Task requirements :: Transcribe the data in full and exactly, omitting any pictures.

============

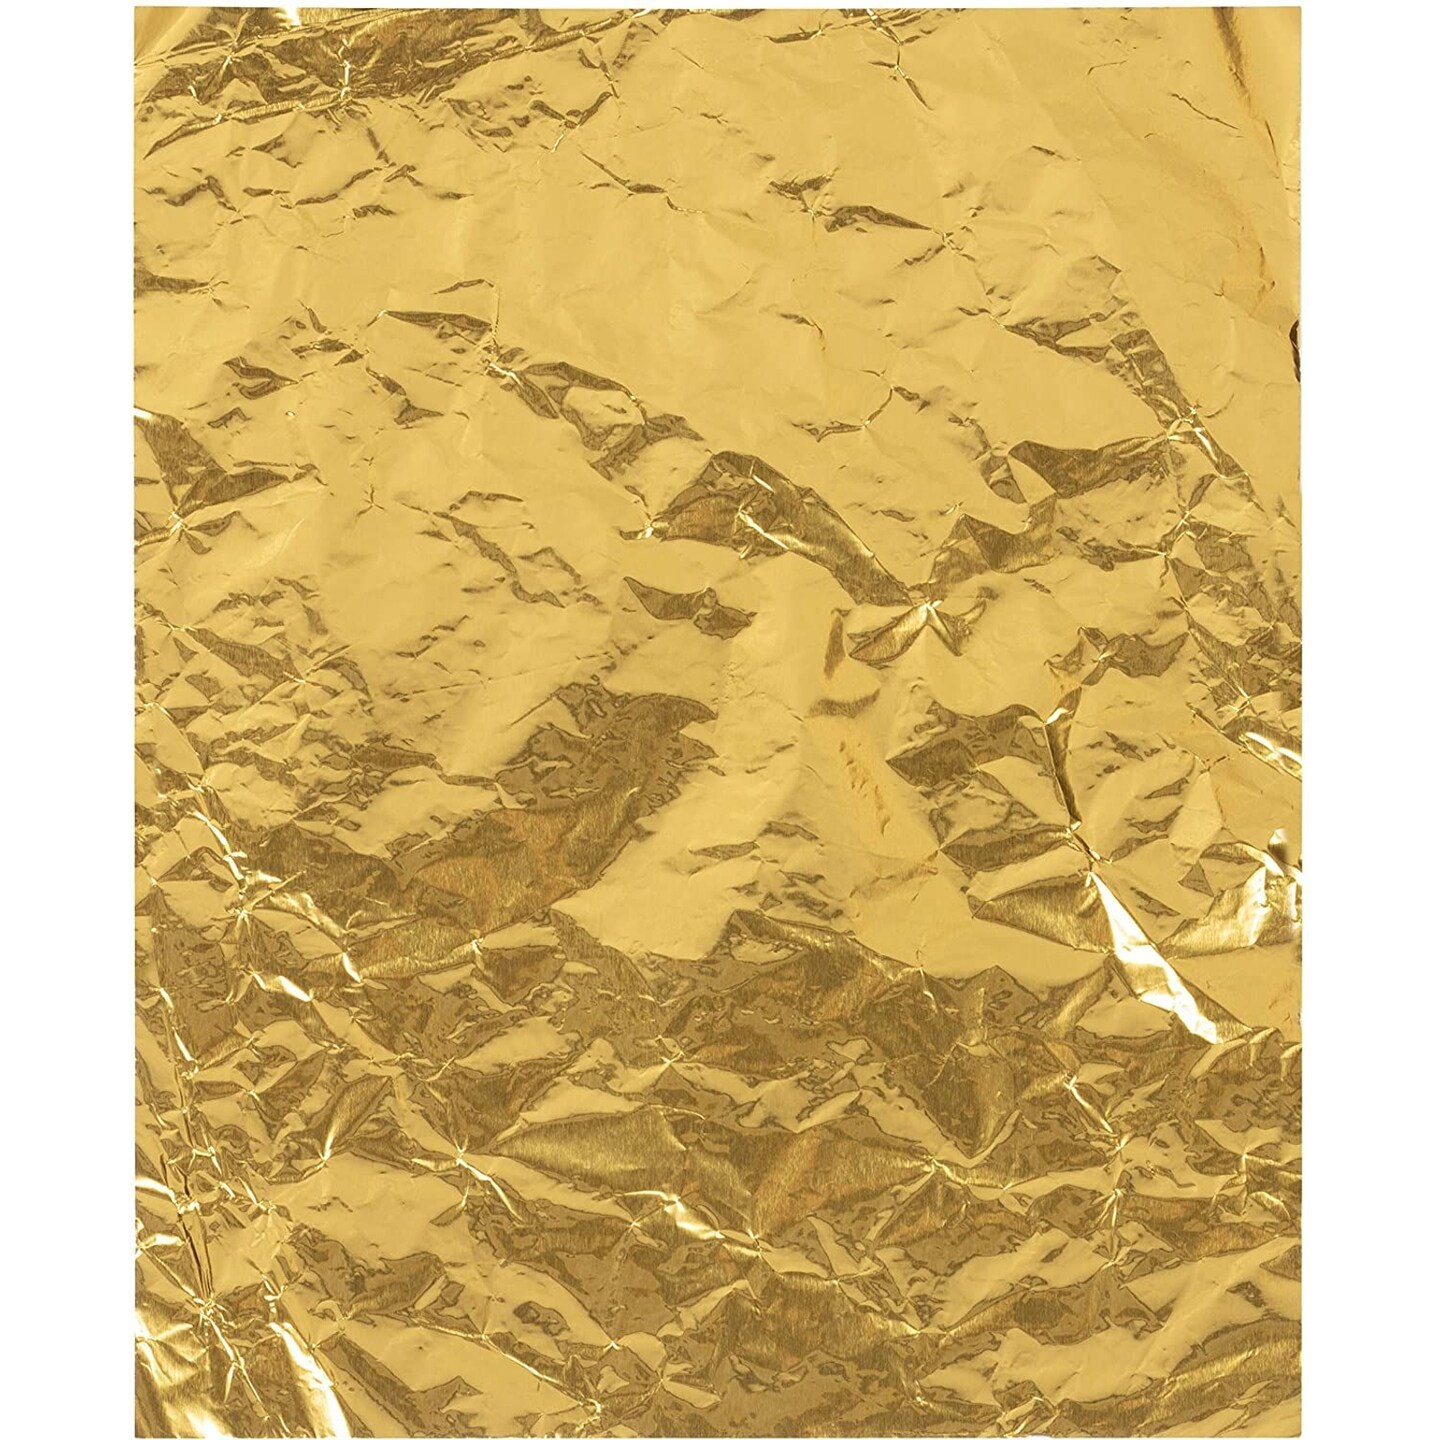 Buy Chocolate Foil Wrapper - Large Size - Embossed Pattern Gold
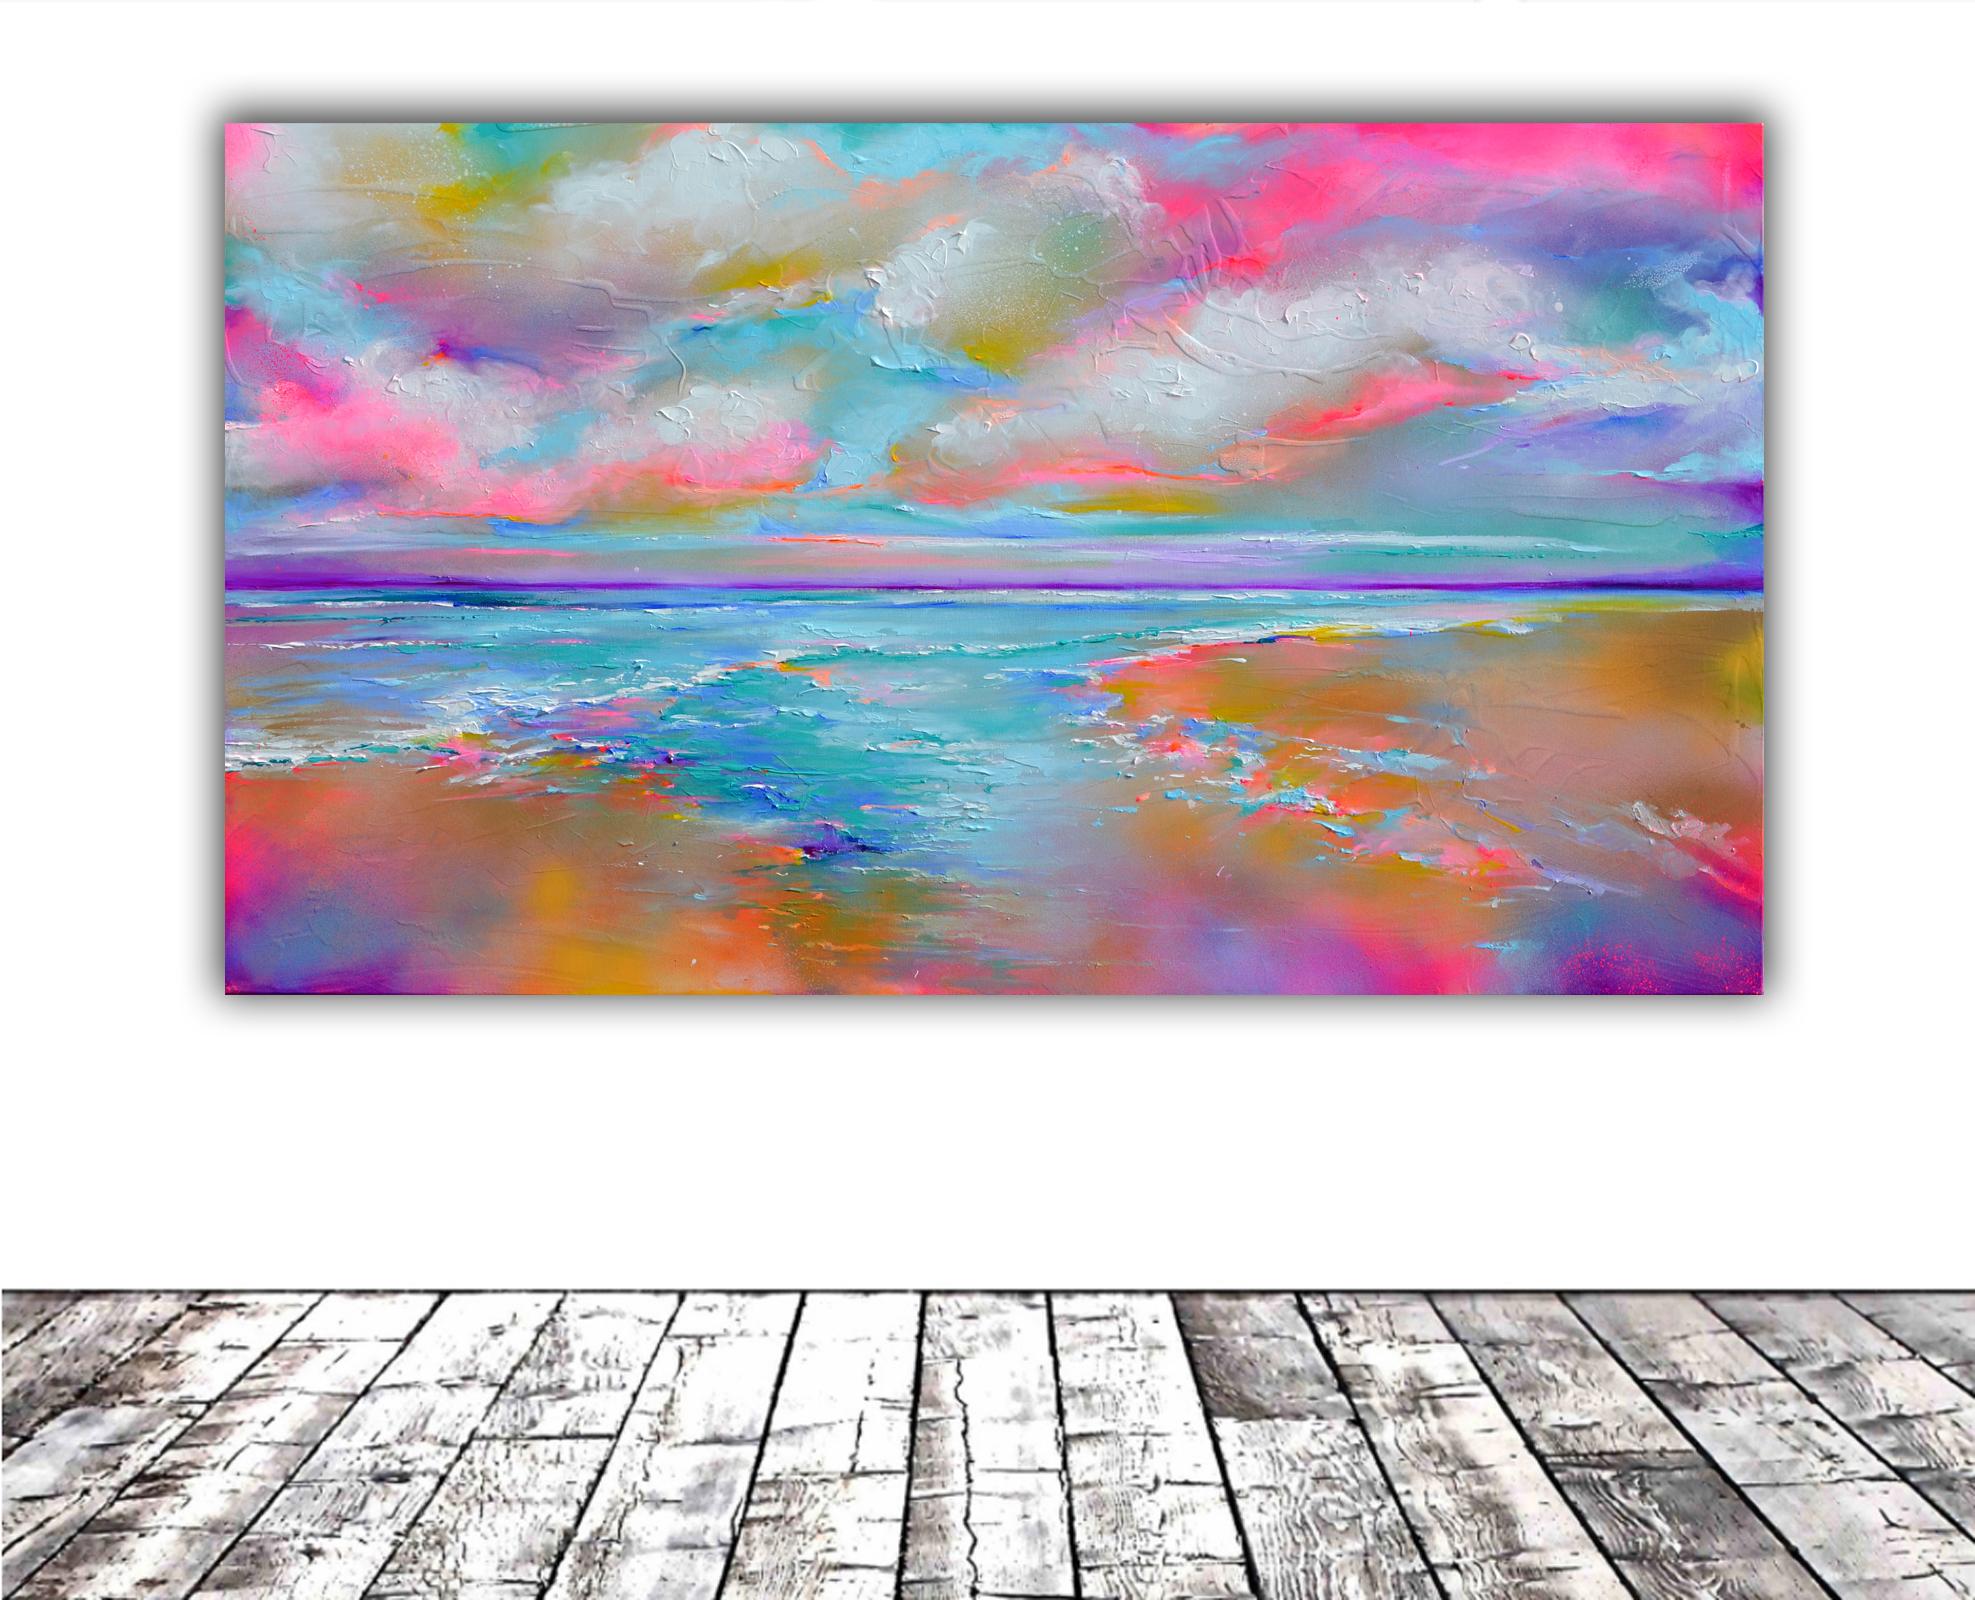 READY TO HANG - GALLERY QUALITY

A beautiful modern seascape, abstract, made with professional varnished acrylics and Amsterdam acrylic sprays on stretched heavy canvas.

I ship this marvellous artwork ready to hang.

Dimensions: 140X80X4 cm -
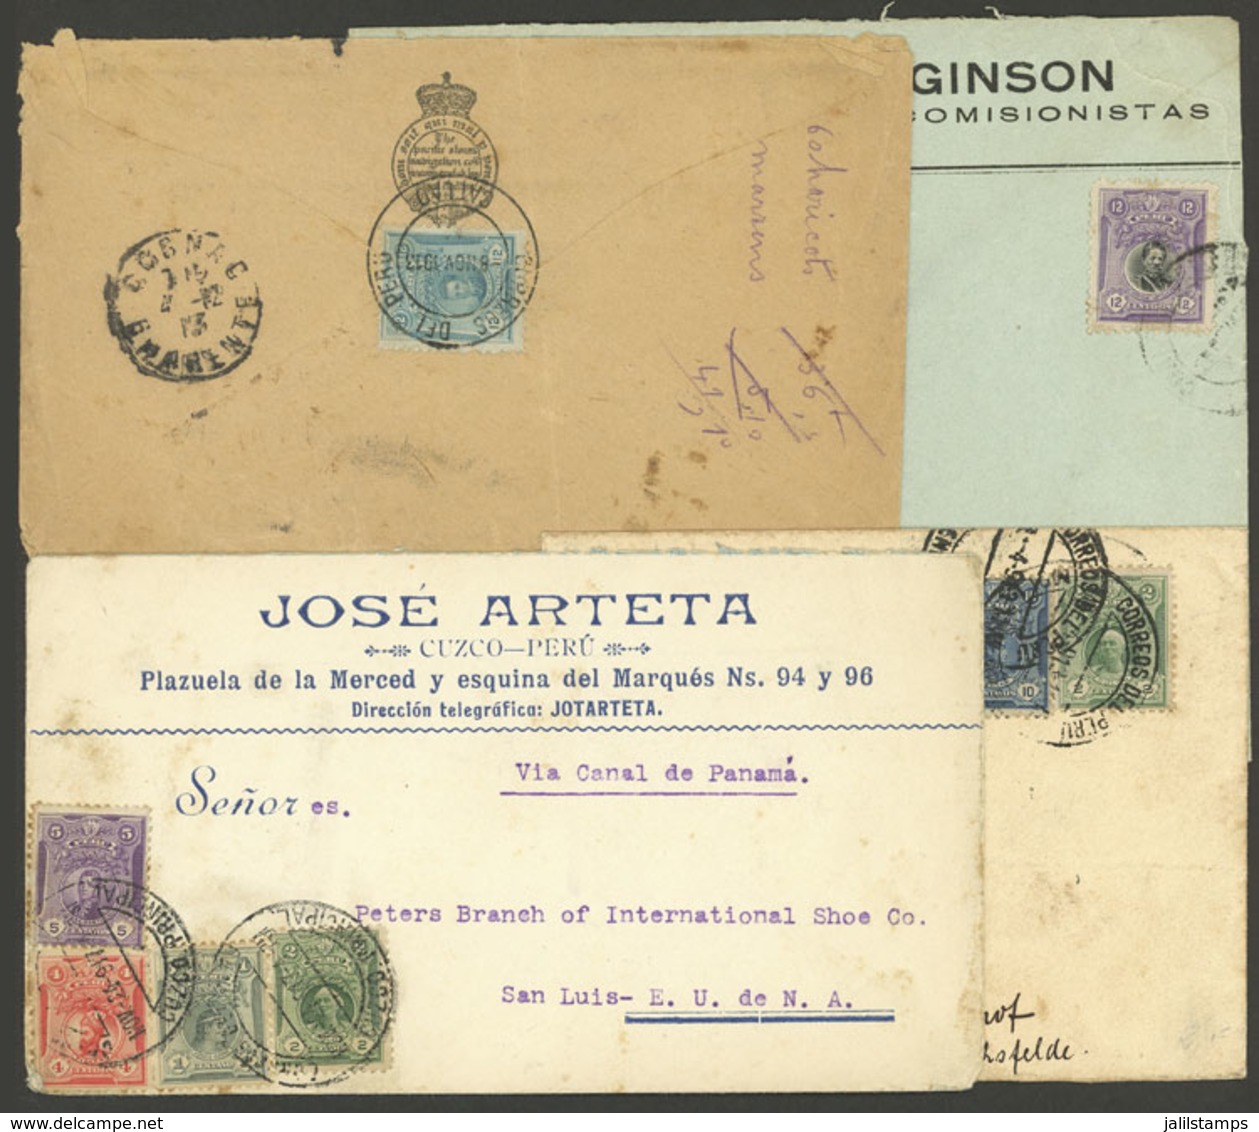 PERU: 4 Covers Mailed Overseas Between 1913 And 1917 Via The Panama Canal, With 12c. Postage (all Different), Very Nice! - Peru

============

Expected answer ::
 Buy Chocolate Foil Wrapper - Large Size - Embossed Pattern Gold
 READY TO HANG - GALLERY QUALITY

A beautiful modern seascape, abstract, made with professional varnished acrylics and Amsterdam acrylic sprays on stretched heavy canvas.

I ship this marvellous artwork ready to hang.

Dimensions: 140X80X4 cm -
 PERU: 4 Covers Mailed Overseas Between 1913 And 1917 Via The Panama Canal, With 12c. Postage (all Different), Very Nice! - Peru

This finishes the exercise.